November 05, 2009
Independent Sector
Nonprofit Leaders Urged to Rethink Their Role in Society
Expanding on a key theme of this year’s Independent Sector conference, Diana Aviv, the group’s president, called on nonprofit leaders at all organizations – regardless of size or mission – to take a broad view of their work and their responsibility to help make society better.
“We do not and cannot work in a vacuum,” she told participants at the gathering of charities and grant makers, which drew some about 1,100 attendees in all.

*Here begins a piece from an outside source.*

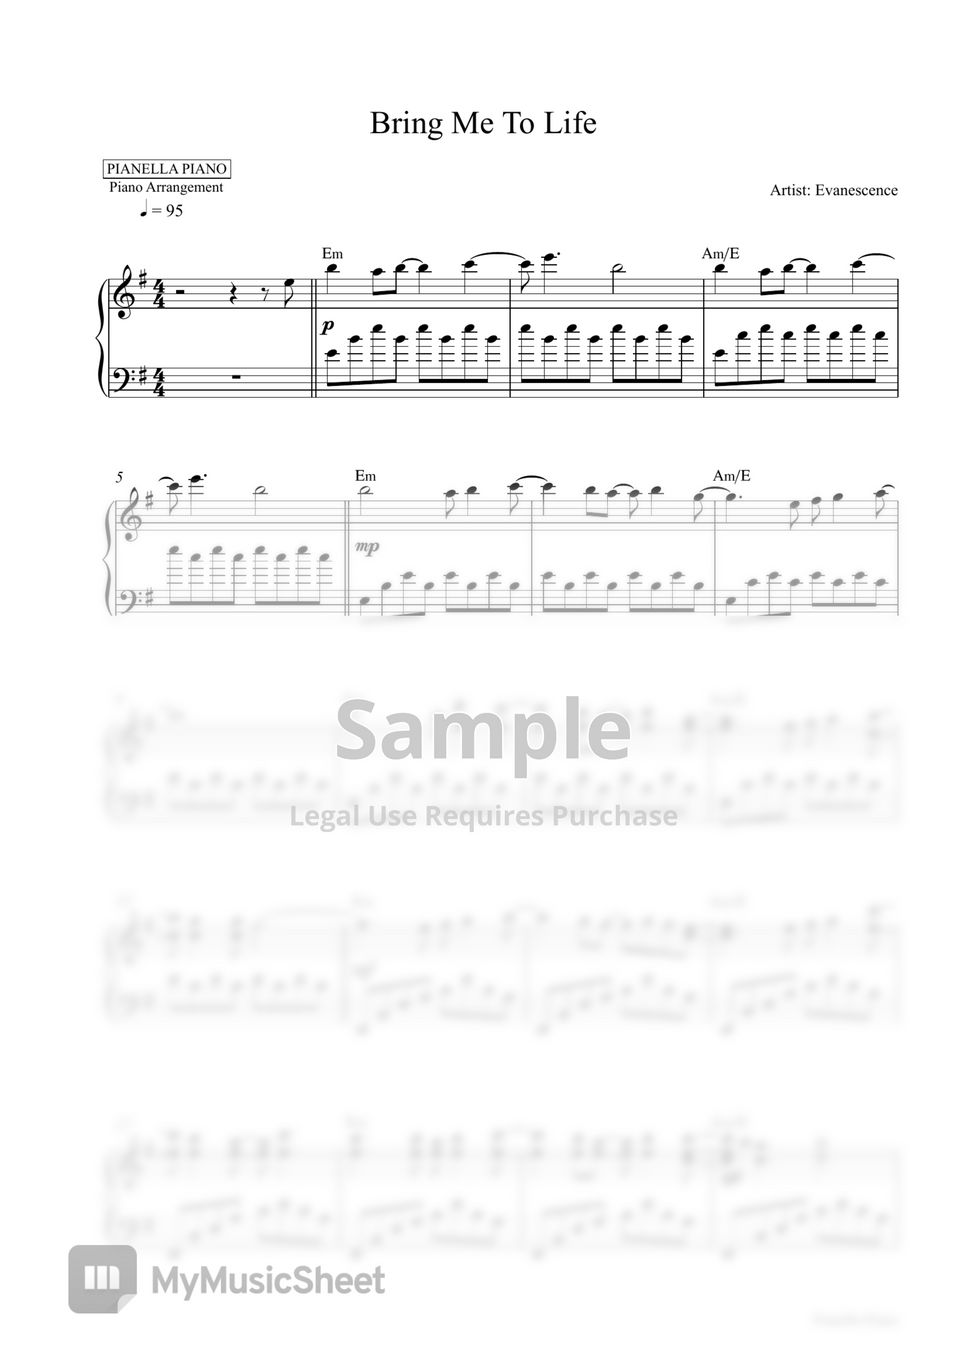 Evanescence - Bring Me To Life (Piano Sheet) by Pianella Piano

“If our employees and their families can’t afford medical care, it limits their productivity,” she said. “If our transportation infrastructure makes it hard to get to work, it affects people’s performance. If we don’t collectively attend to the harm inflicted on our environment, polluted air and climate change will ultimately damage everyone’s work. And if we don’t demand greater civility in Congress and in the public square, we diminish our ability to achieve our aims.”
Ms. Aviv urged nonprofit leaders “to attend to these larger issues long before they threaten our work.”
As an example of the consequences of not doing so, she cited the experiences of health and human-services groups that now must take on loans as state and local governments increasingly delay payments for services already provided.
“Except for a sliver of public-interest organizations, at no time did we step up and try to fix a system that we have known to be problematic for years,” she said. “Why was this the case? Because we have long believed that these larger issues were not our responsibility.”
She called on participants to go back to their organizations and have at least one board meeting within the next year to define a role for their groups beyond their specific issue or cause.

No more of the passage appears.